Question

A solid sphere of radius $r$ is gently placed on a rough horizontal surface with an initial angular speed ${\omega }_0$ but no linear velocity. If the coefficient of friction is $\mu$, then the time $t$ when the slipping will stop is

• A. $\frac{2}{7}\frac{r{\omega }_0}{\mu g}$
• B. $\frac{3}{7}\frac{r{\omega }_0}{\mu g}$
• C. $\frac{4}{7}\frac{r{\omega }_0}{\mu g}$
• D. $\frac{r{\omega }_0}{\mu g}$

Answer 1

The correct option is A $\frac{2}{7}\frac{r{\omega }_0}{\mu g}$

Let $m$ be the mass of the sphere.
Since, it is a case of backward slipping, force of friction is in forward direction.

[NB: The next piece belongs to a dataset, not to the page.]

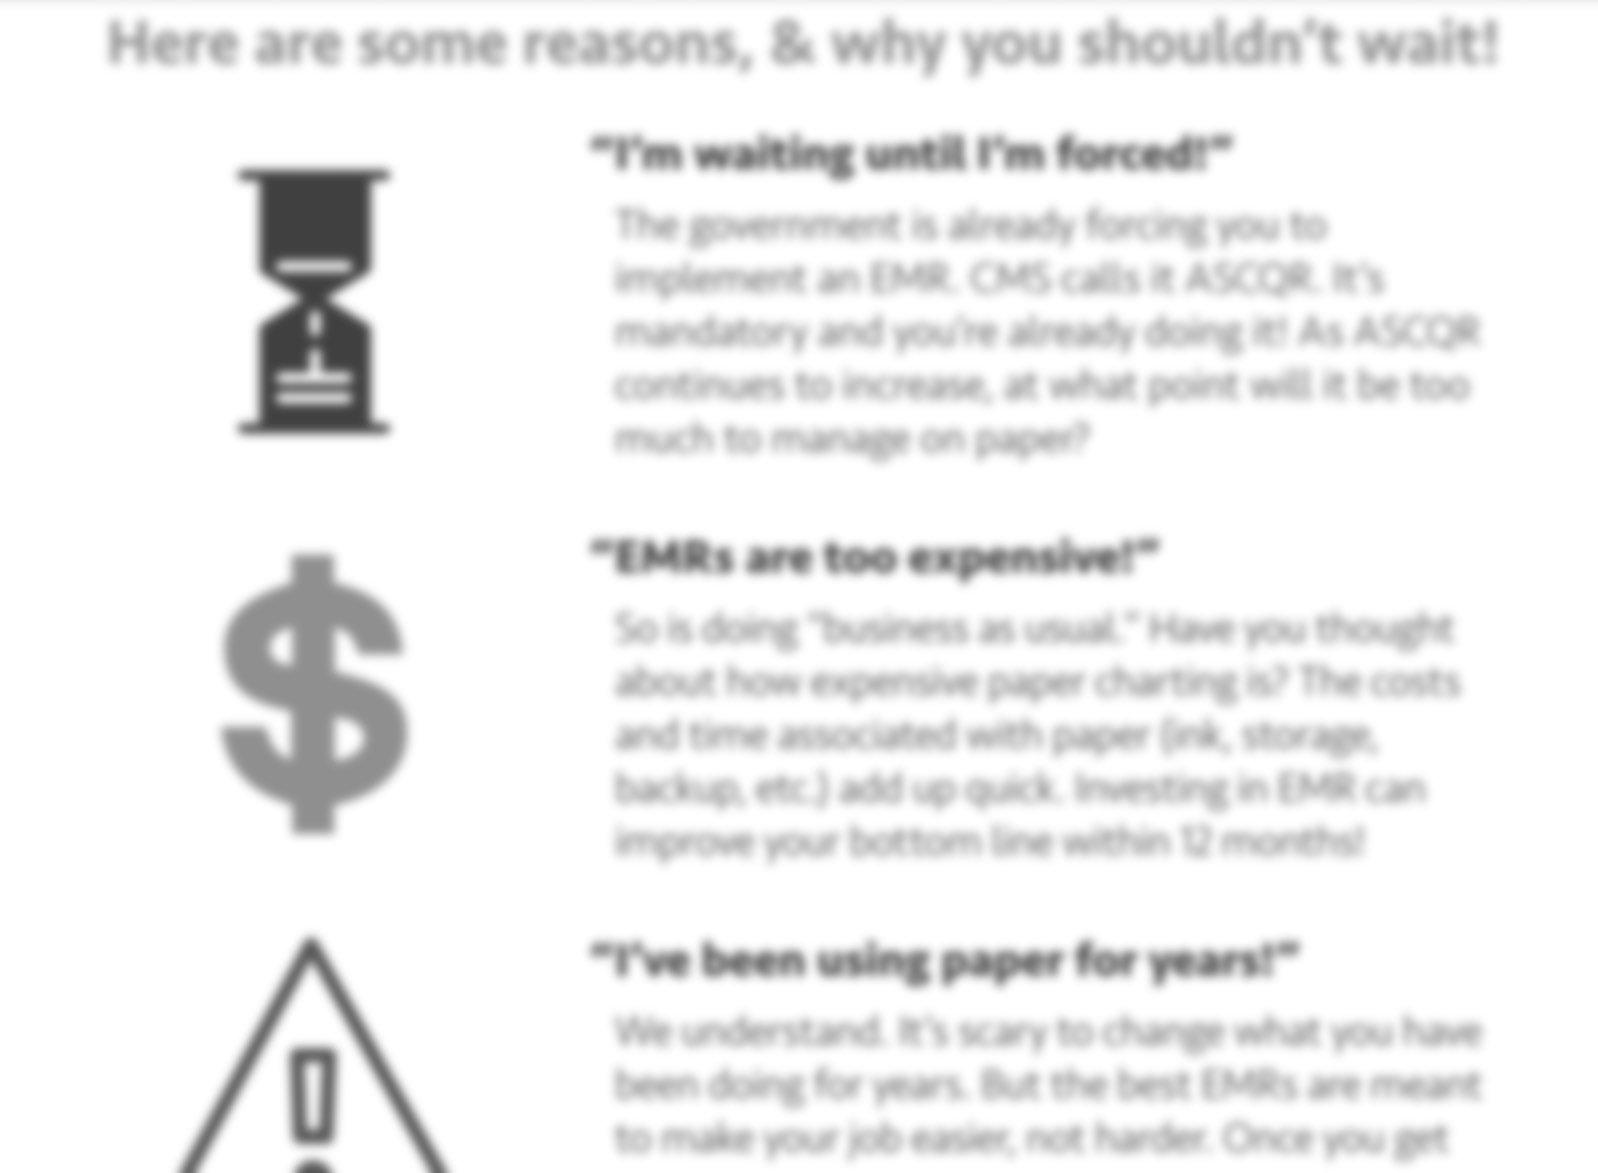 Top 5 Reasons People put off EMRs in ASCs

Linear acceleration, (by $F_x=ma$)
$a=\frac{f}{m}=\frac{\mu mg}{m}=\mu g$ ...(i)
Angular retardation (by ${\tau }_{com}=I_{com}\alpha$)
$\alpha =\frac{\tau }{I}=\frac{f\times r}{\frac{2}{5}m{r}^2}=\frac{5}{2}\frac{\mu g}{r}$ ...(ii)
[$\because f=\mu mg$]

Slipping will be stopped when $v=r\omega$
i.e $(v_0+at)=r\times ({\omega }_0-\alpha t)$
[Here, -ve because $\alpha$ is in anti-clockwise direction and $\omega$ is in clockwise direction]
But, initially $v_0=0$.
Hence, $at=r({\omega }_0-\alpha t)$
From eqn (i) and (ii),
$\mu gt=r({\omega }_0-\frac{5}{2}\frac{\mu gt}{r})$
$\Rightarrow \frac{7}{2}\mu gt=r{\omega }_0$
$\therefore t=\frac{2}{7}\frac{r{\omega }_0}{\mu g}$